### What to do
All of the data that follows should be retyped exactly, please, except the pictures.

### Recorded data
________________________

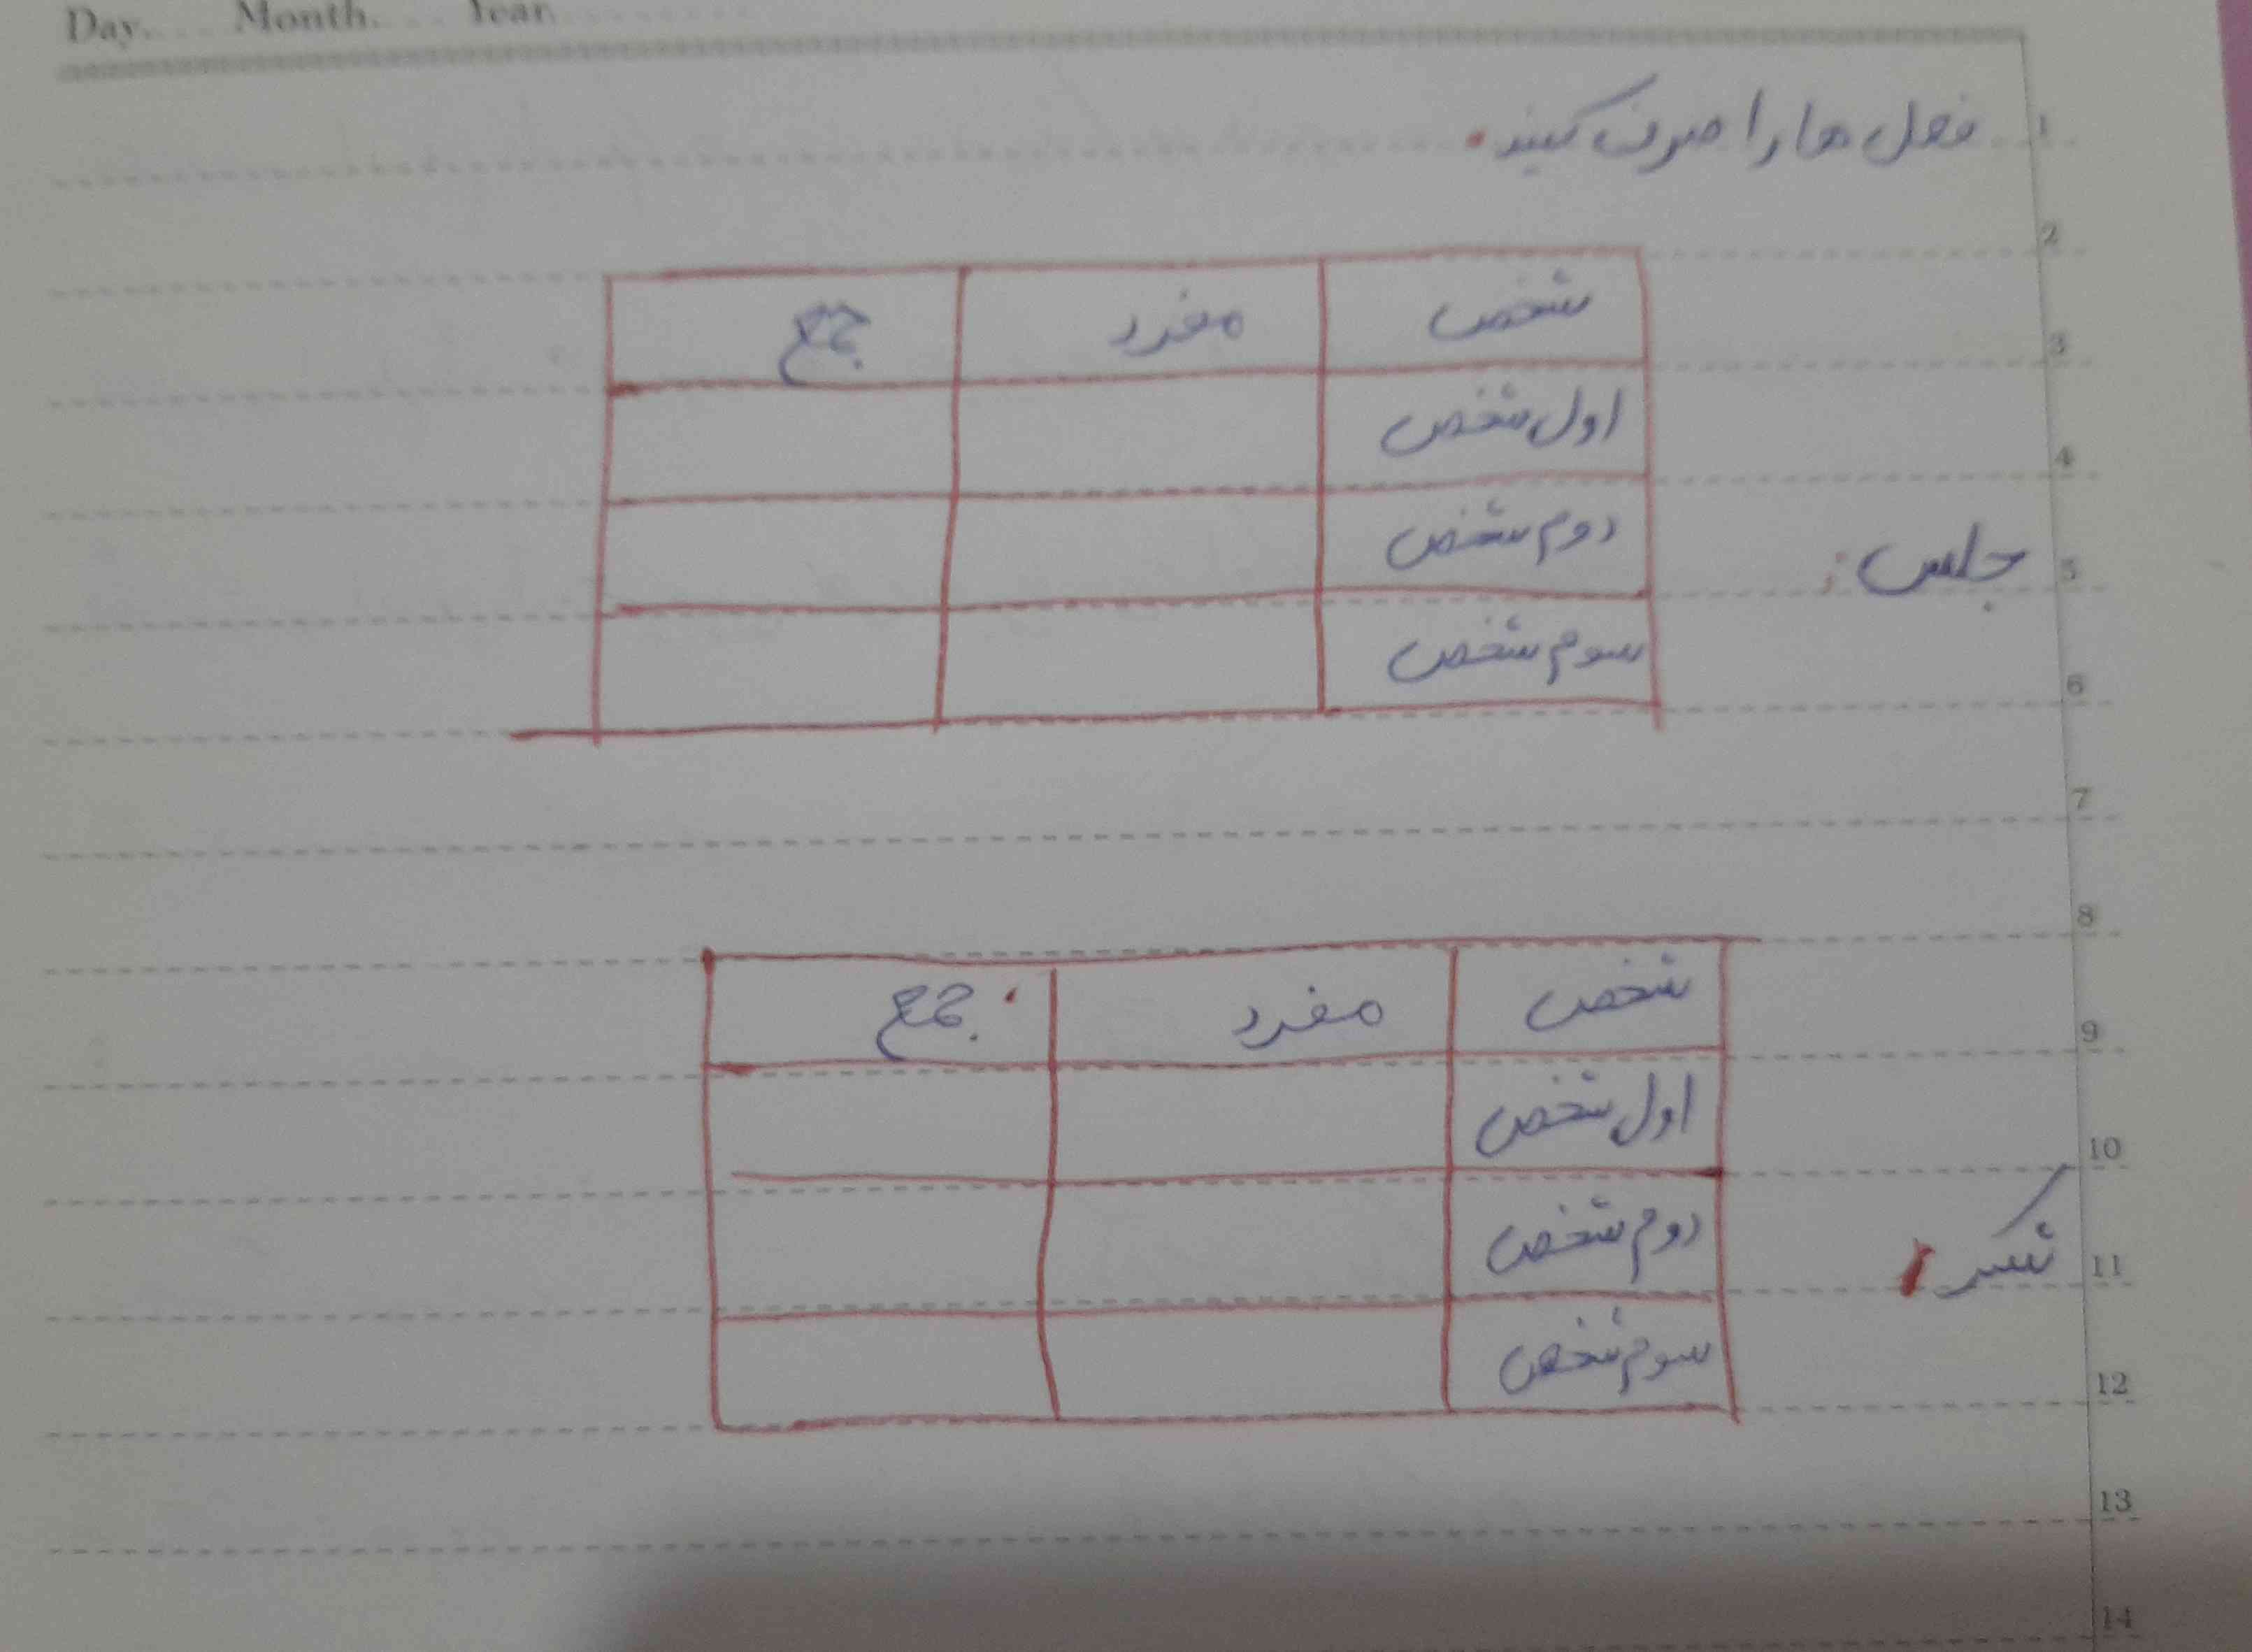 فعل شکر و جلس رو به عربی صرف کنید،. 
تاج میدم
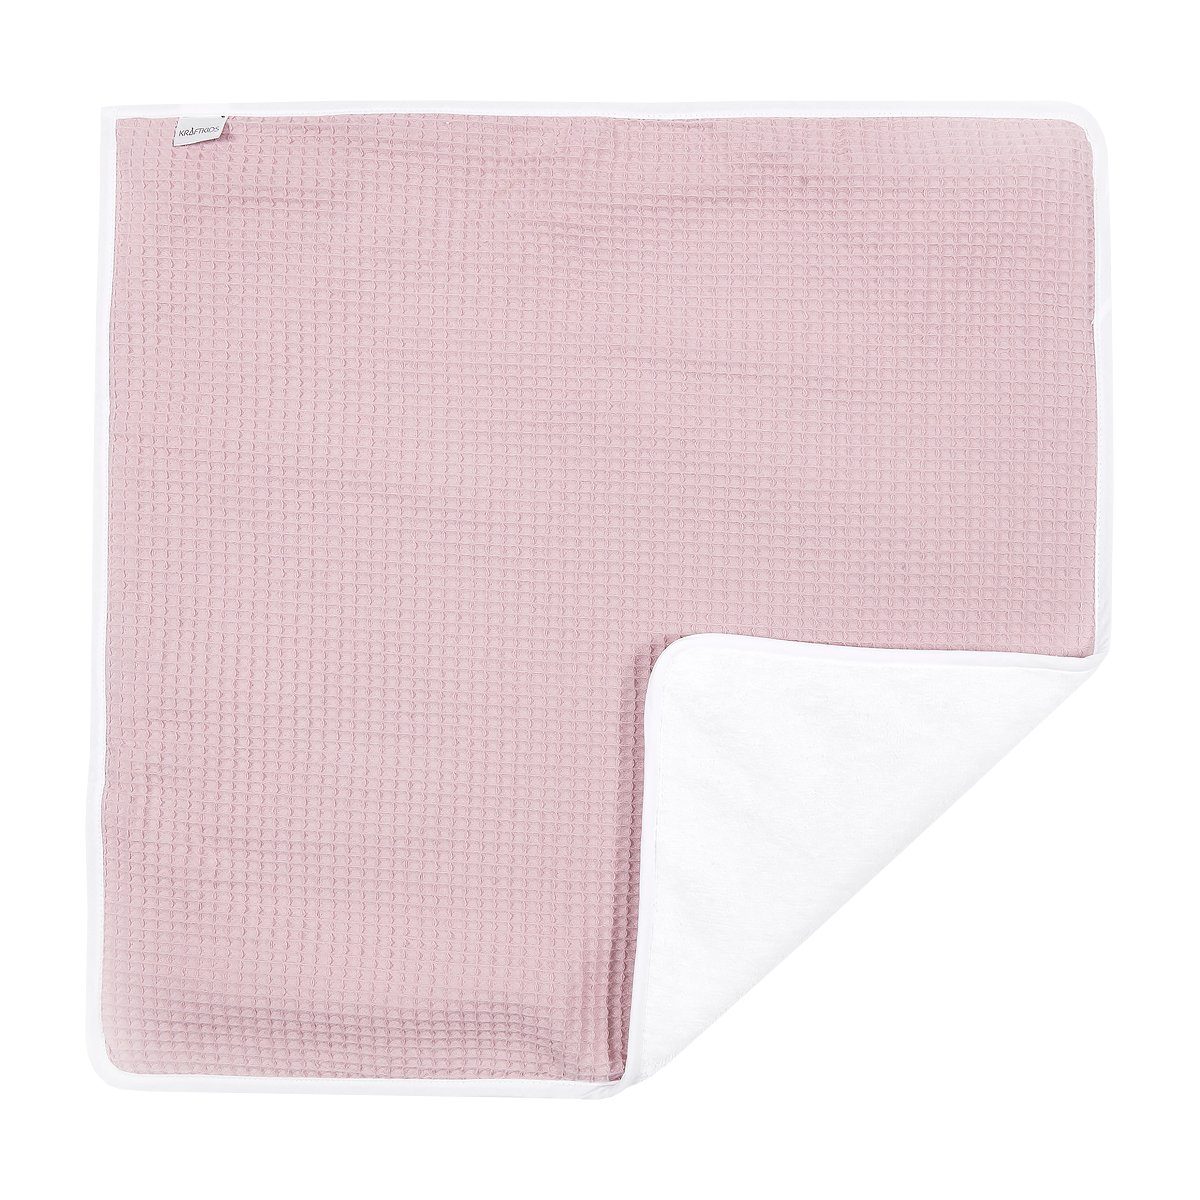 KraftKids Wickelauflage Waffel Piqué rosa, Wickelunterlage aus 3 Stoffsichten 100% Baumwolle, Innen wasserundurchlässig, faltbar auch für Unterwegs | Wickelauflagen
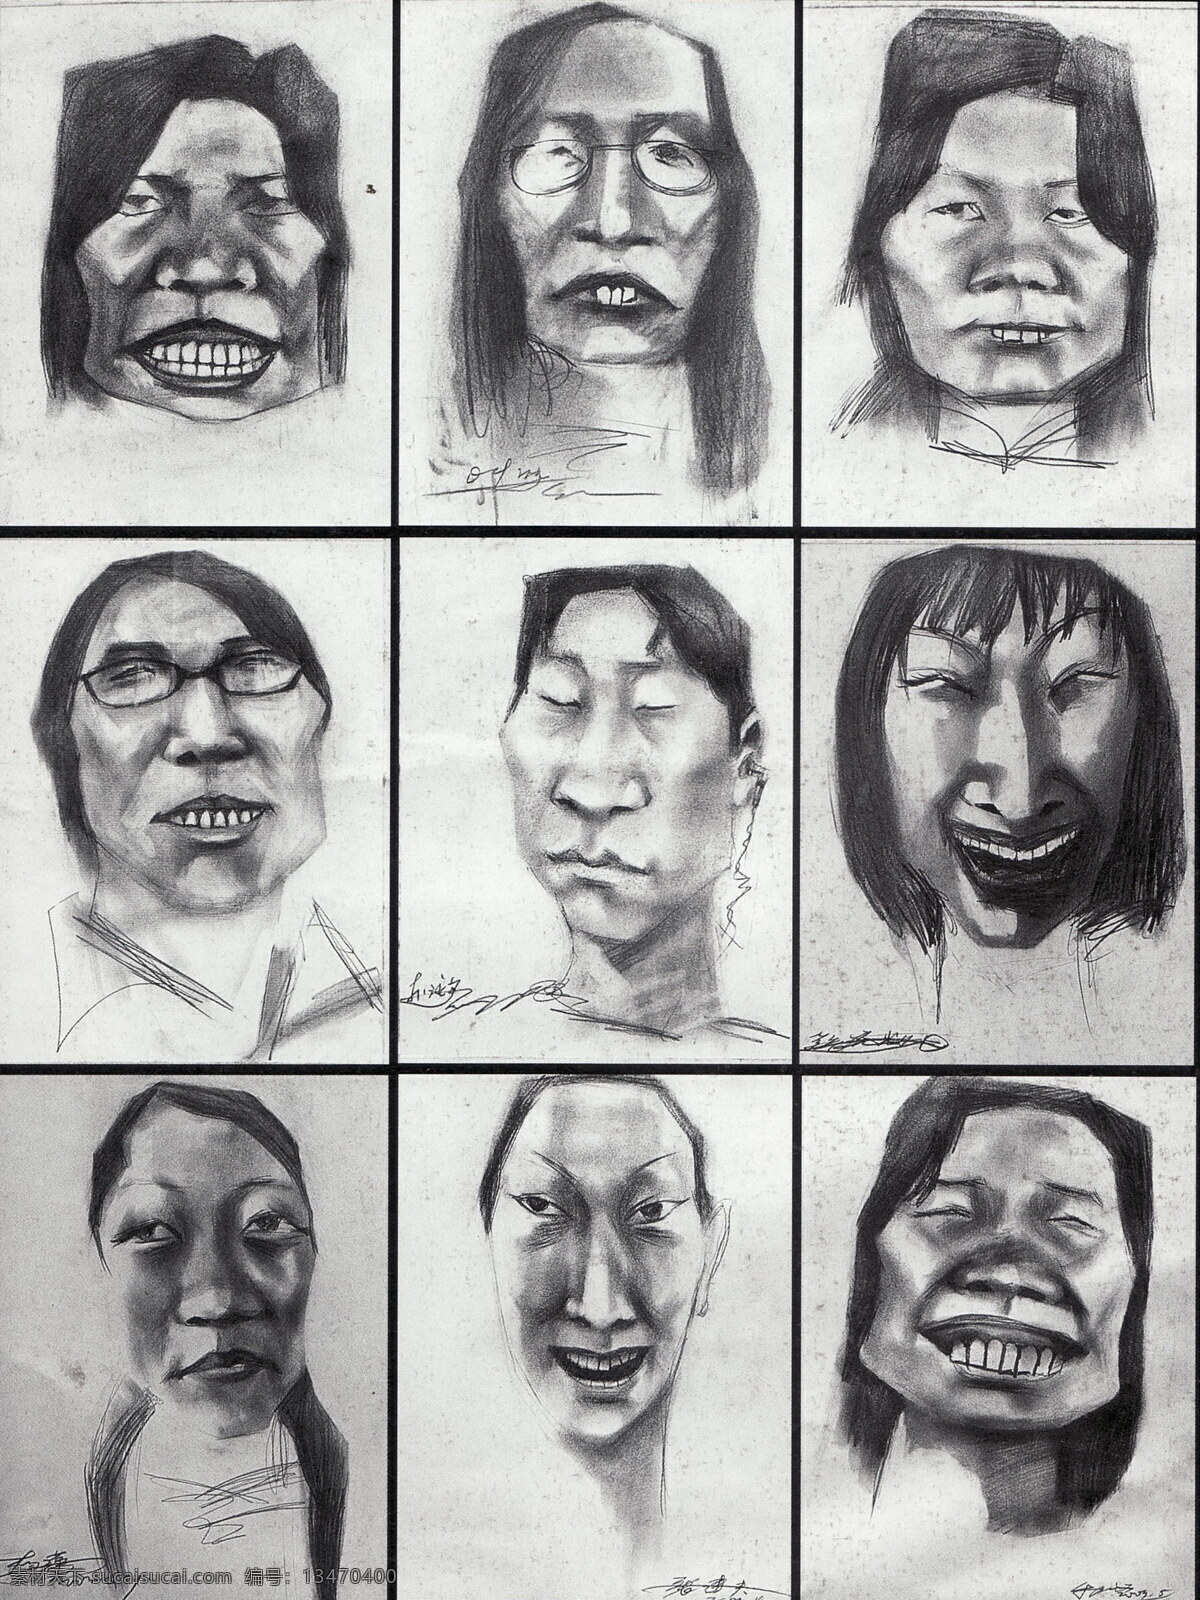 素描头像 头像 素描 中国美术学院 教师作品 头像作品 人物 人头像 高考素描 绘画书法 文化艺术

________________________

### Your response
 فعل شکر و جلس رو به عربی صرف کنید،. 
تاج میدم
 KraftKids Wickelauflage Waffel Piqué rosa, Wickelunterlage aus 3 Stoffsichten 100% Baumwolle, Innen wasserundurchlässig, faltbar auch für Unterwegs | Wickelauflagen
 素描头像 头像 素描 中国美术学院 教师作品 头像作品 人物 人头像 高考素描 绘画书法 文化艺术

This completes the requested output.